Treat your dad as you always have. Maybe say things you didn't before. Let him do whatever he feels like doing. And most important I have found is telling the people you love that you love them every day.
Wendy
Slr35 Message: Thanks Wendy
Subject: Thanks Wendy
Date: 01/11/2006
My family and are taking one day at a time. Thursday is going to be a huge day. Leraning how we can beat this horrible disease. Since I have found out about my dad I have been appreciating life in a different way. Especially telling the people I love how much they mean to me. Thanks again for your posting it helps.:o) I will pray for you and your family. SLR
Subject: my Dad Just Found Out he is Stage 4
Date: 01/29/2006
Vinnie B.
Just wanted you to know i read your email you had replied to.. Been There ....I just wanted you to know that helped me alot... We just found out my dad is a stage 4 lung cancer and has it in other places to.... We just had to take himt to the hospital today sick as a dog... Everytime it gets time for him to start his Chemo he ends up sick and does not get to take it... This is the 3rd time we are missing it.. and he really needs it.... He has a huge mass on his lung... I did not know what to do... I am 30 and love my dad to death i am still daddys little girl... I have two children that love my dad to death and i don't know what will happen when something does happen to him... He is going down hill fast... And i just don't know what to do... I read your email and you where talking about getting him as comfortable as possible and letting him sleep.. And i guess the biggest thing was being as normal as possible...And i try to do as much for him as i can... I take him to all of his doctor appt. and i cherish those everytime we have to go... But I just found out about this website and i saw yours and I know it was for someone else but it really did help me out alot... I'm still having a hard time but i'm trying to deal with it everyday... Thanks.. Cindy
Daddy's Girl Message: Glad it Helped, Cindy
Subject: Glad it Helped, Cindy
Date: 01/30/2006
Cindy,
I am sorry to hear that your dad is not doing well. I know exactly where you're going because I have been there. I remember those days of flying to Florida where my parents live from New Jersey. I remember going straight to the hospital and staying there for days on end. But, most of all, I remember just sticking it out with my dad. I, too, was daddy's little girl. Oh my goodness, my dad and I were just goo goo for each other....laugh. I am 40 now and it still bothers me tremendously that I can't call him and hear his voice. But, I take comfort in knowing that I was there for him as much as possible.

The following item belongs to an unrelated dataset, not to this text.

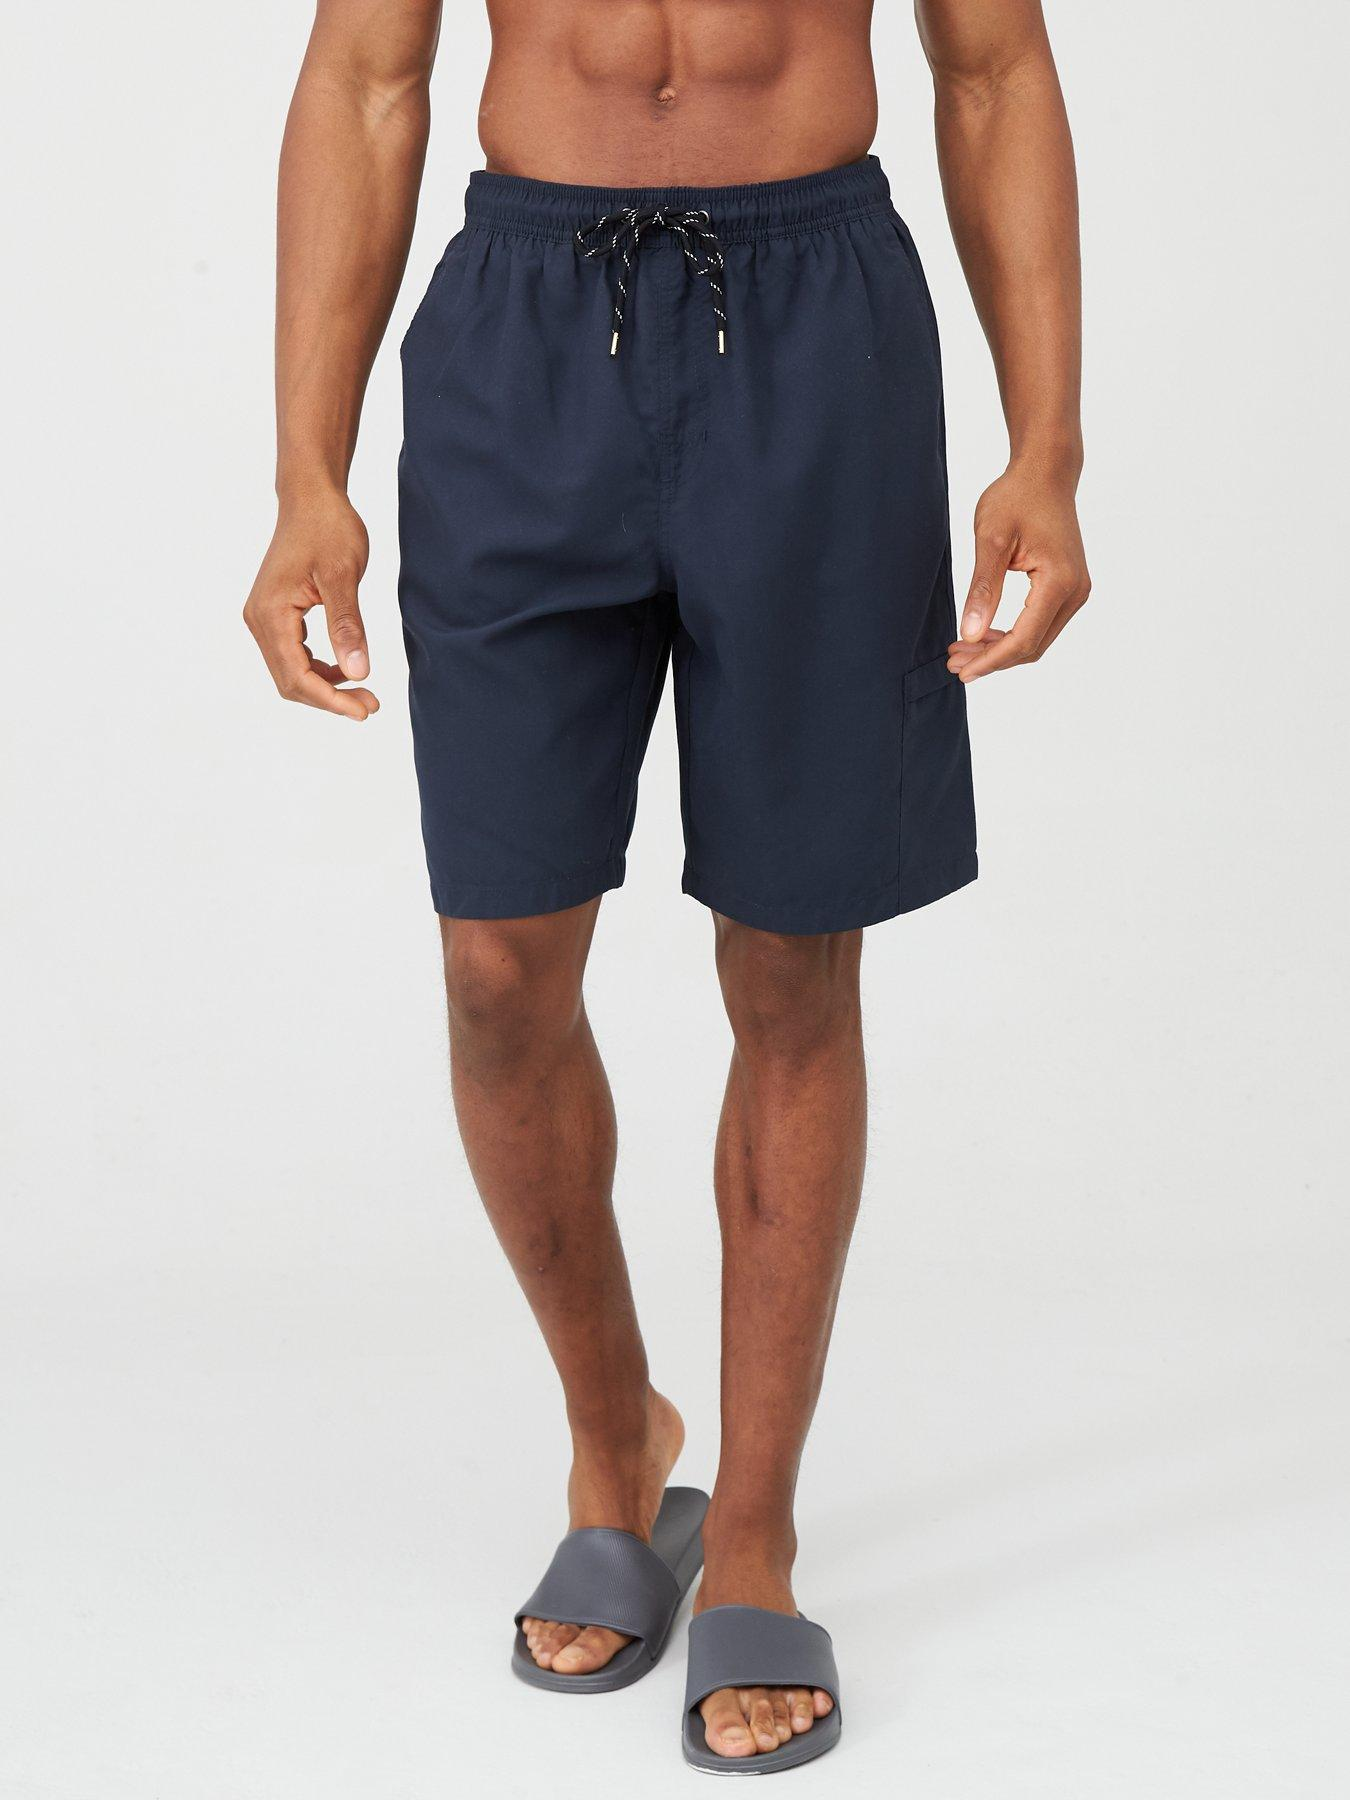 Horizon-t Beach Shorts Paisley Mens Fashion Quick Dry Beach Shorts Cool Casual Beach Shorts

I was thinking about this yesterday....when the cancer spread to my dad's brain, he used to have problems with his peripheral vision and he would see 3 of me if I stood on his right or left, as he would put it. So, I would stand at the foot of the hospital bed and jump up and down and ask him if he still saw three of me? He would laugh so hard. He would laugh so hard when I did that. The point is that I made him laugh even though he was dying on the inside. He still laughed.
So, as you spend time with your father, talk to him and make him laugh when you can. And, if he doesn't want to laugh, just talk to him and let him hear your voice. That too, is comforting.
Do not give up hope. When it feels like all hope is gone, hang on to the hope that you have anyway. Every day is a miracle to a cancer patient and family members. Remember, the cancer can't take away the love that you and your father share, no one can.
This website got me through some rough times listening to the voices of others that have gone through similar experiences. My dad has been gone 3 years as of January 15 and I still visit this website. We all need to help each other and it should never stop....the talking and the listening.